DATA EXCERPT:

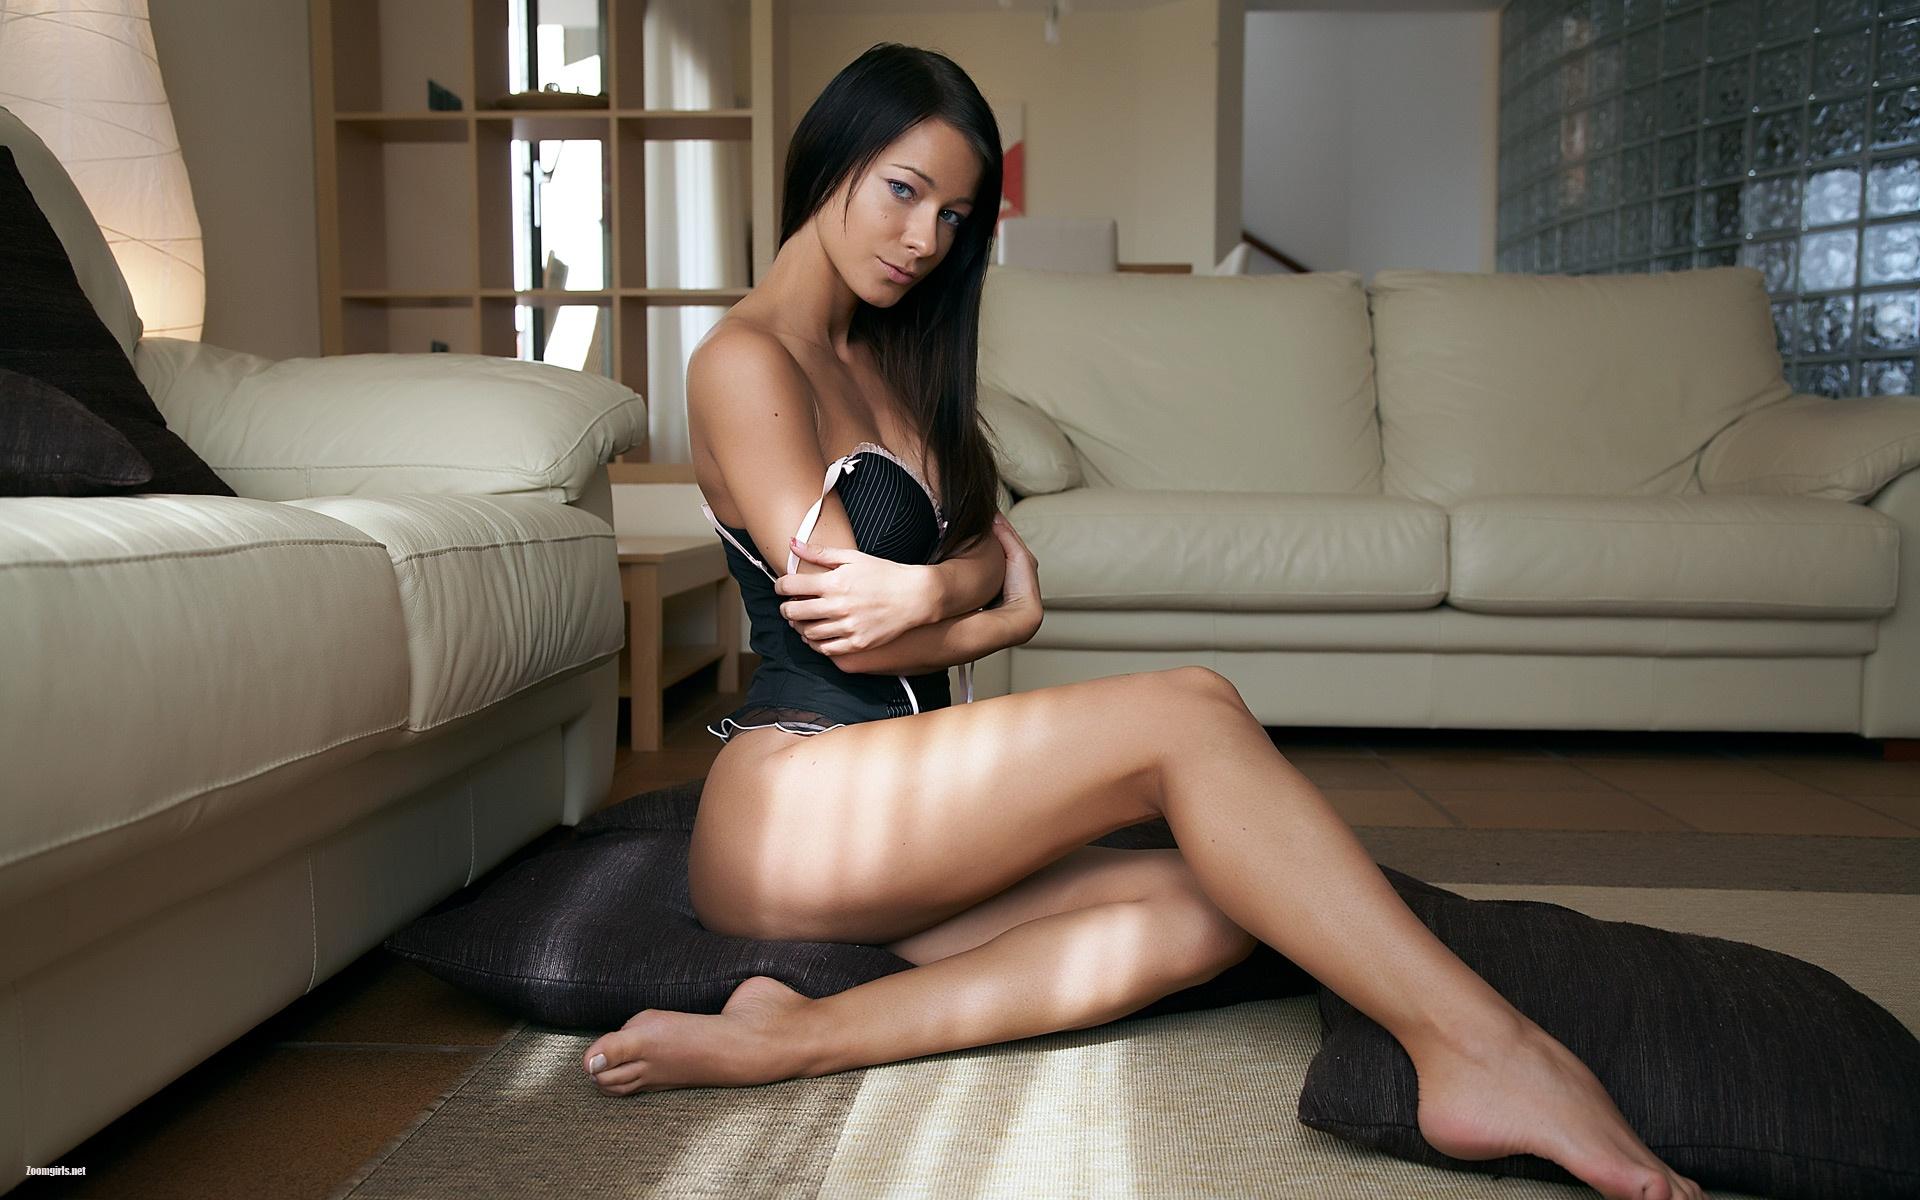 Authoritative Pornstars at home nude knows it
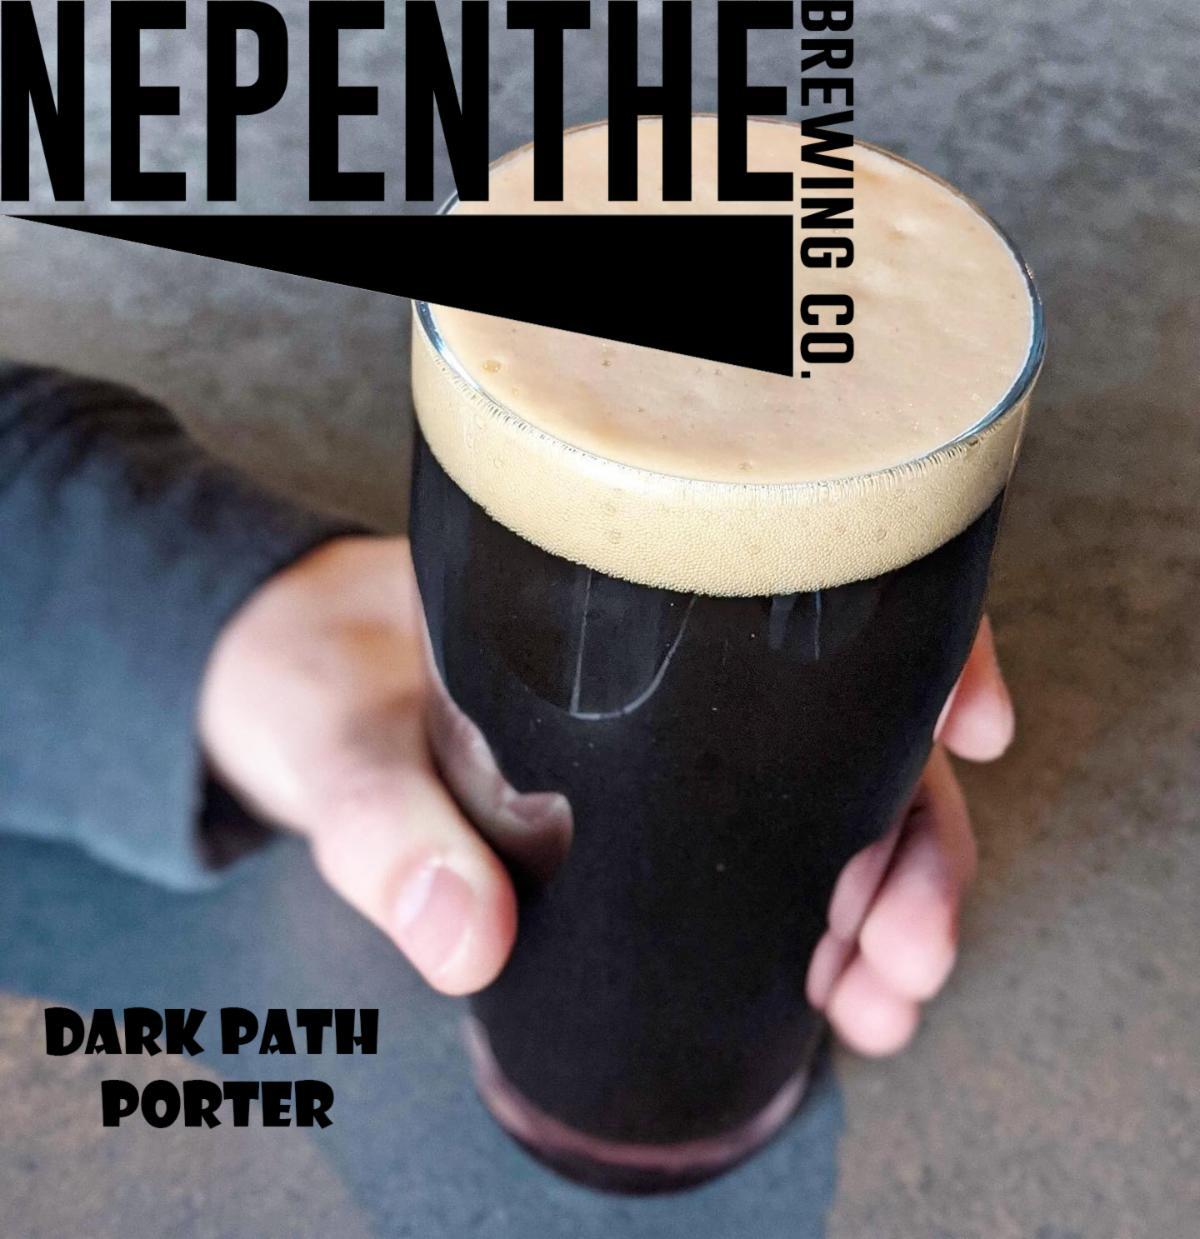 nepenthe dark path porter.jpg
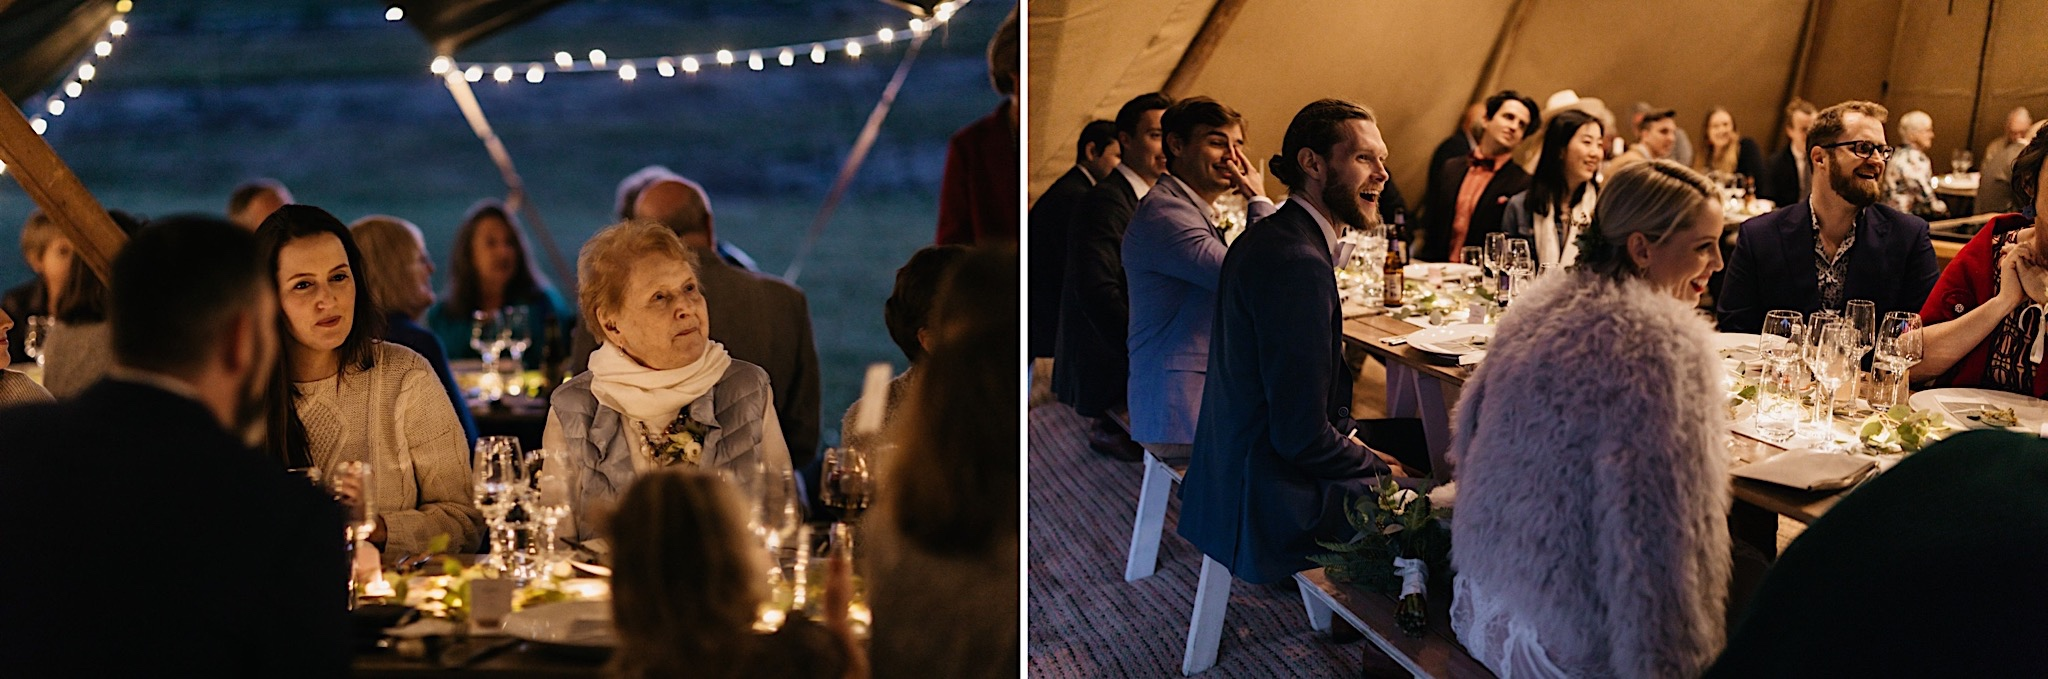 095_SBA-Jen-Tom-Wedding-369_SBA-Jen-Tom-Wedding-366.jpg

EXERCISE INSTRUCTIONS: Write the material out again exactly. Do not include the pictures.

RESPONSE BOX:
 Authoritative Pornstars at home nude knows it
 nepenthe dark path porter.jpg
 095_SBA-Jen-Tom-Wedding-369_SBA-Jen-Tom-Wedding-366.jpg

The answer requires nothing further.